The rise of the Electronics Manufacturing Services (EMS) companies and Original Design Manufacturers (ODMs) has triggered supply-chain disruptions that will only become more severe as contract manufacturers account for an increasing portion of electronic component purchases, iSuppli Corp. predicts.
EMS companies and ODMs accounted for nearly one-third, or 31 percent, of all semiconductors purchased in 2002, iSuppli estimates. By 2006, EMS and ODM companies are expected to buy almost one-half, or 44 percent, of all semiconductors sold.
The ascendance of the contract manufacturers to semiconductor spending dominance has meant that component suppliers no longer can rely on established ties to OEMs, but must work much closer with the EMS firms and ODMs.
Lines of communication between component suppliers and their OEM customers have been disrupted, causing breakdowns in the relay of key information, including demand forecasting and inventory levels.
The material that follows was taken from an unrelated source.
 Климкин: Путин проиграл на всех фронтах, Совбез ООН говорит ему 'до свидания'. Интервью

These breakdowns contributed to the massive semiconductor inventory glut of 2000 and the downturn of 2001, iSuppli believes.
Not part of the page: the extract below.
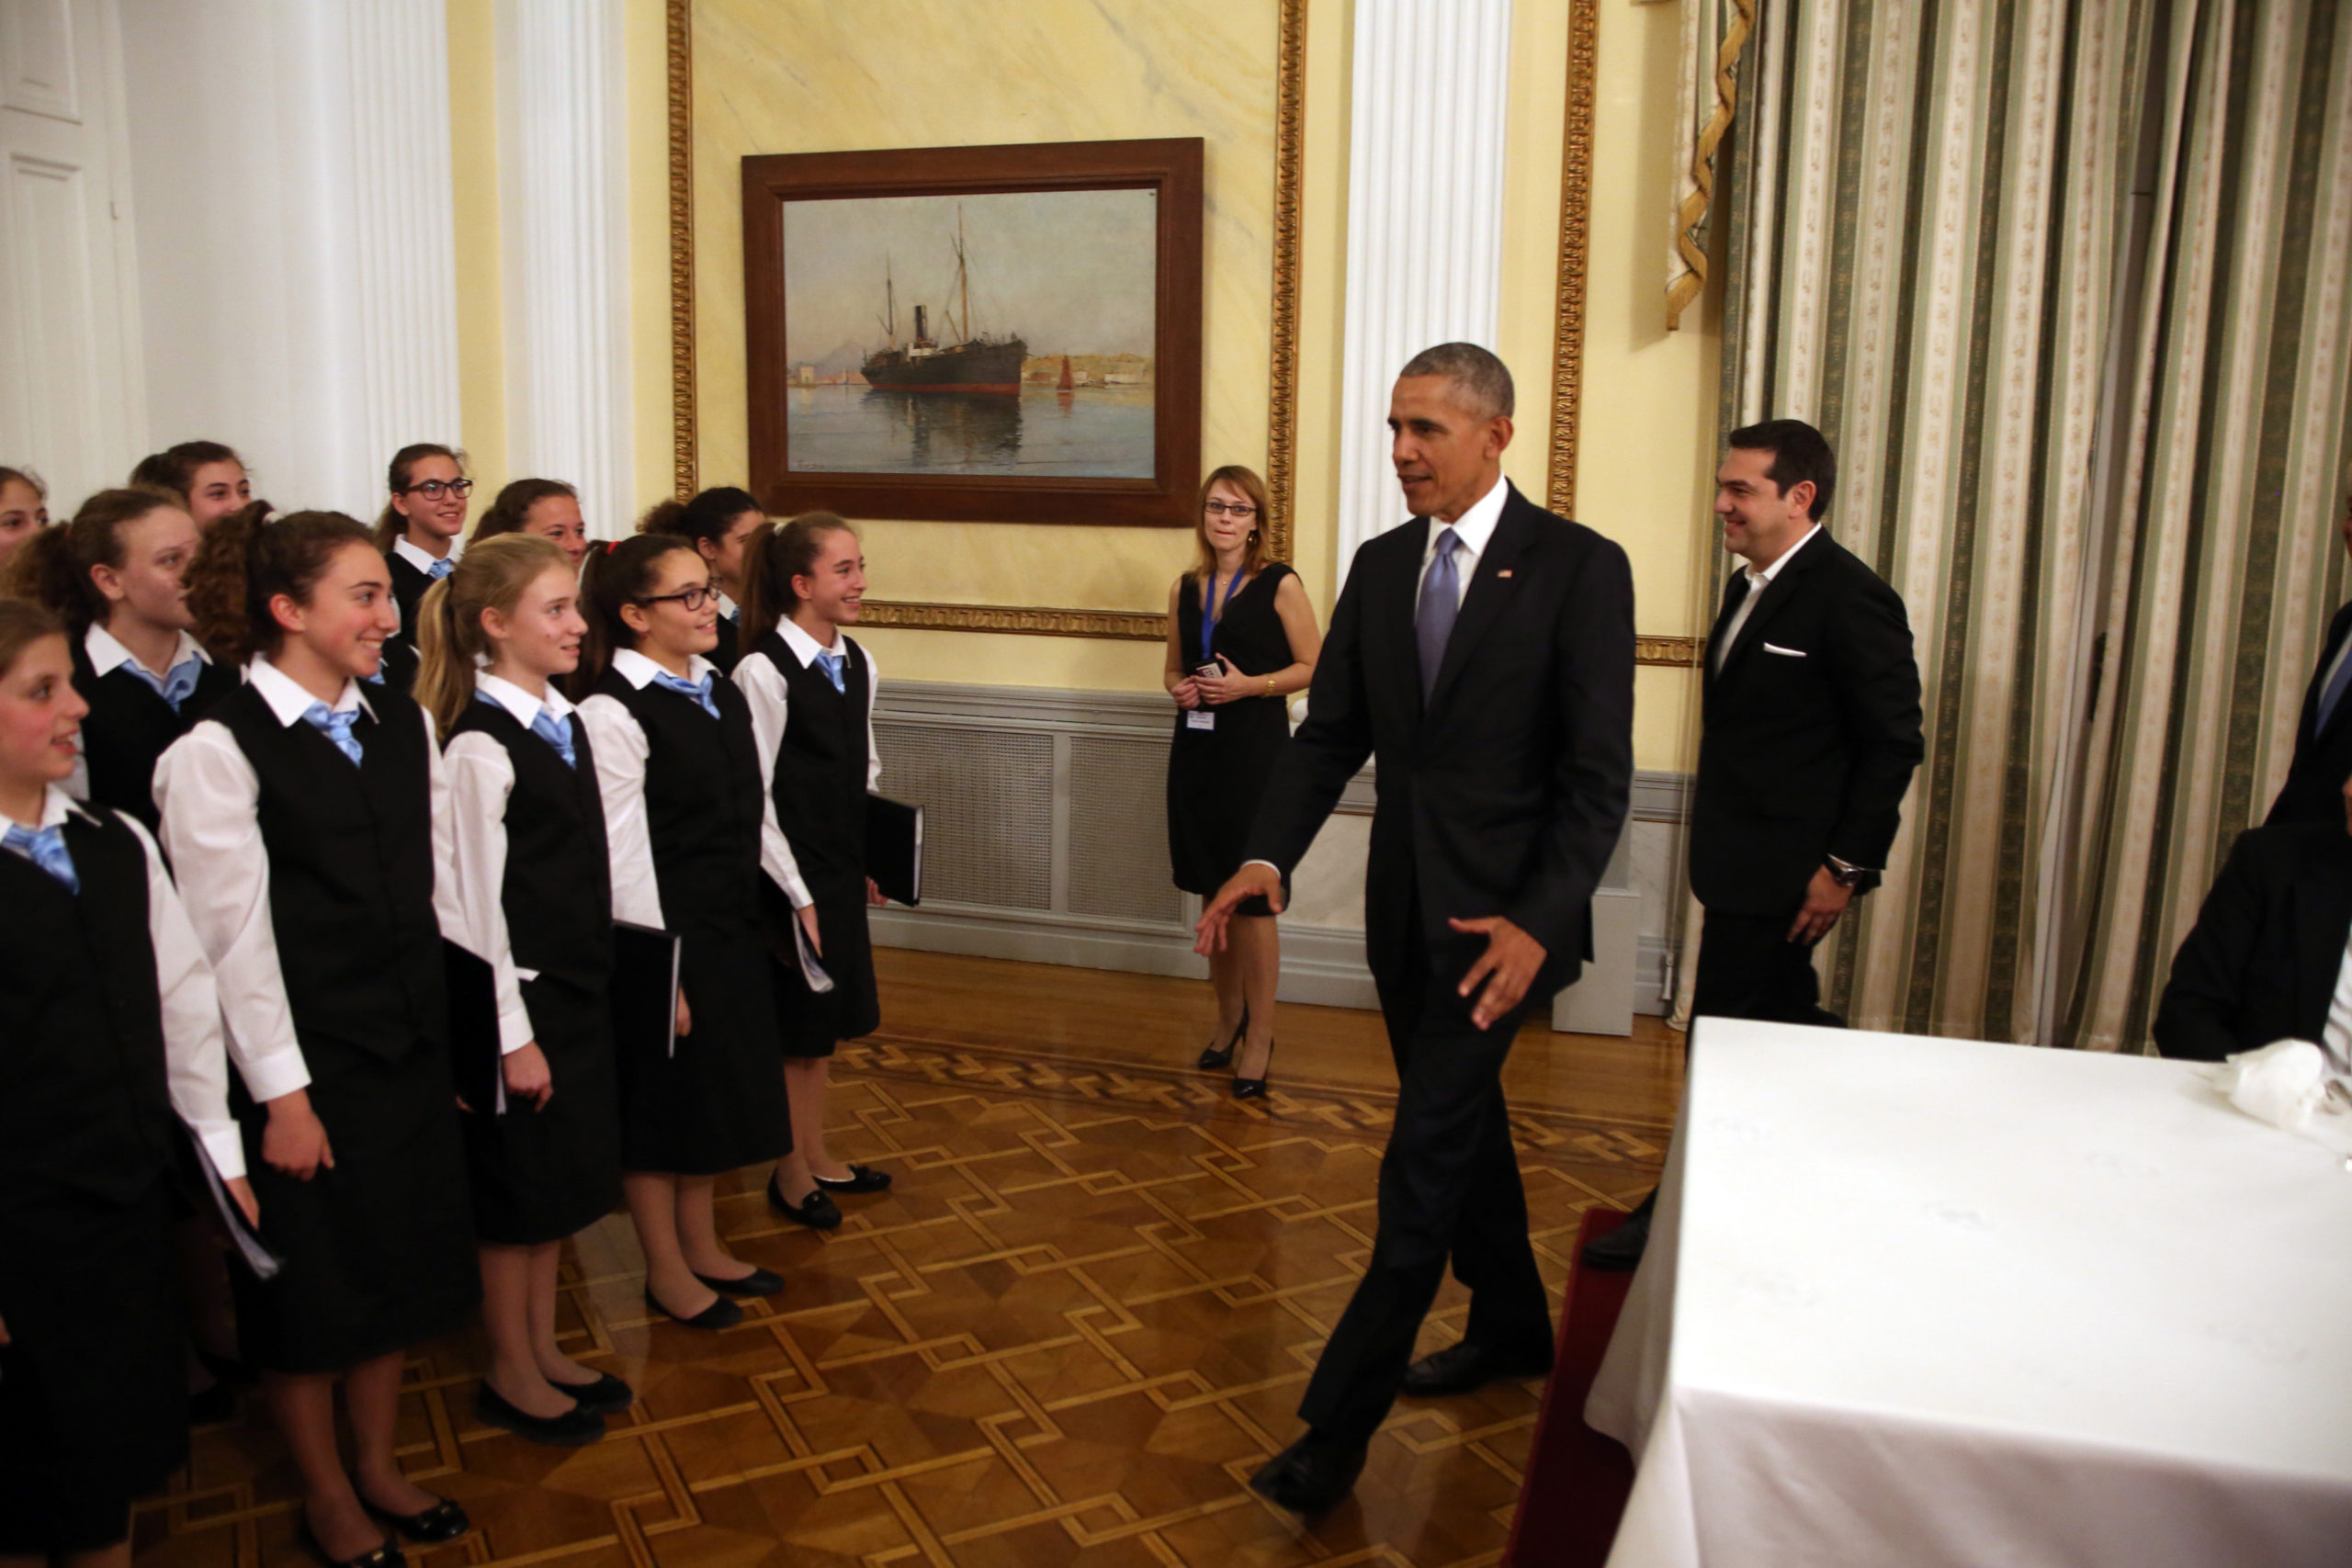 Το ΒΙΝΤΕΟ από το δείπνο στο Προεδρικό Μέγαρο που ανέβασε ο φωτογράφος του Ομπάμα

The increased component spending by contract manufacturers means such supply disruptions could have an even greater impact in the future.
Exacerbating these supply-chain disconnects is the fact that many parts that end up at second-tier EMS and ODM firms in Asia are shipped through distributors or other third parties. This causes component suppliers to further lose visibility of their part shipments and -- in some cases -- to not be aware who their final customers actually are. With the continuing migration of electronics production to China, this will become a larger and larger problem for the electronics supply chain.
By 2006, the Asia Pacific region will pass the Americas in EMS spending for all electronic components. The electronic components category consists of semiconductors, passives, electromechanical devices and displays.
Meanwhile, Europe, the Middle East, and Africa will experience the slowest growth. Japan will post a strong Compound Annual Growth Rate (CAGR), but this is somewhat misleading because the present component EMS spend in that country is relatively small.
The Asia Pacific region and primarily China are becoming the manufacturing center -- and by default, the procurement center -- of the electronics industry. As part of their overall Far East strategies, component suppliers need to address the issues of dealing with EMS and ODM customers in Asia.
The changing market focus of the EMS firms and ODMs also is presenting challenges for component suppliers.
The highest growth areas for component spending among contract manufacturers are mobile communications and consumer electronics. In both these markets, pricing pressures are intense and the system assemblies tend to take place in low-cost manufacturing regions.
Wired communications, once one of the hottest markets, will generate a CAGR of only 8 percent and will be eclipsed by mobile communications in the 2006 timeframe, iSuppli predicts.
Component suppliers need to develop strategies and products to address the consumer and mobile communications markets.
While the rise of EMS firms and ODMs has allowed OEMs to achieve greater efficiency and to cut costs, it has taken a toll on the electronics supply chain and on the relationships between component suppliers and their OEM customers. Component suppliers need to take into account the increasing role of contract manufacturing and develop strategies to deal with the changing shape of the electronics supply chain, iSuppli believes.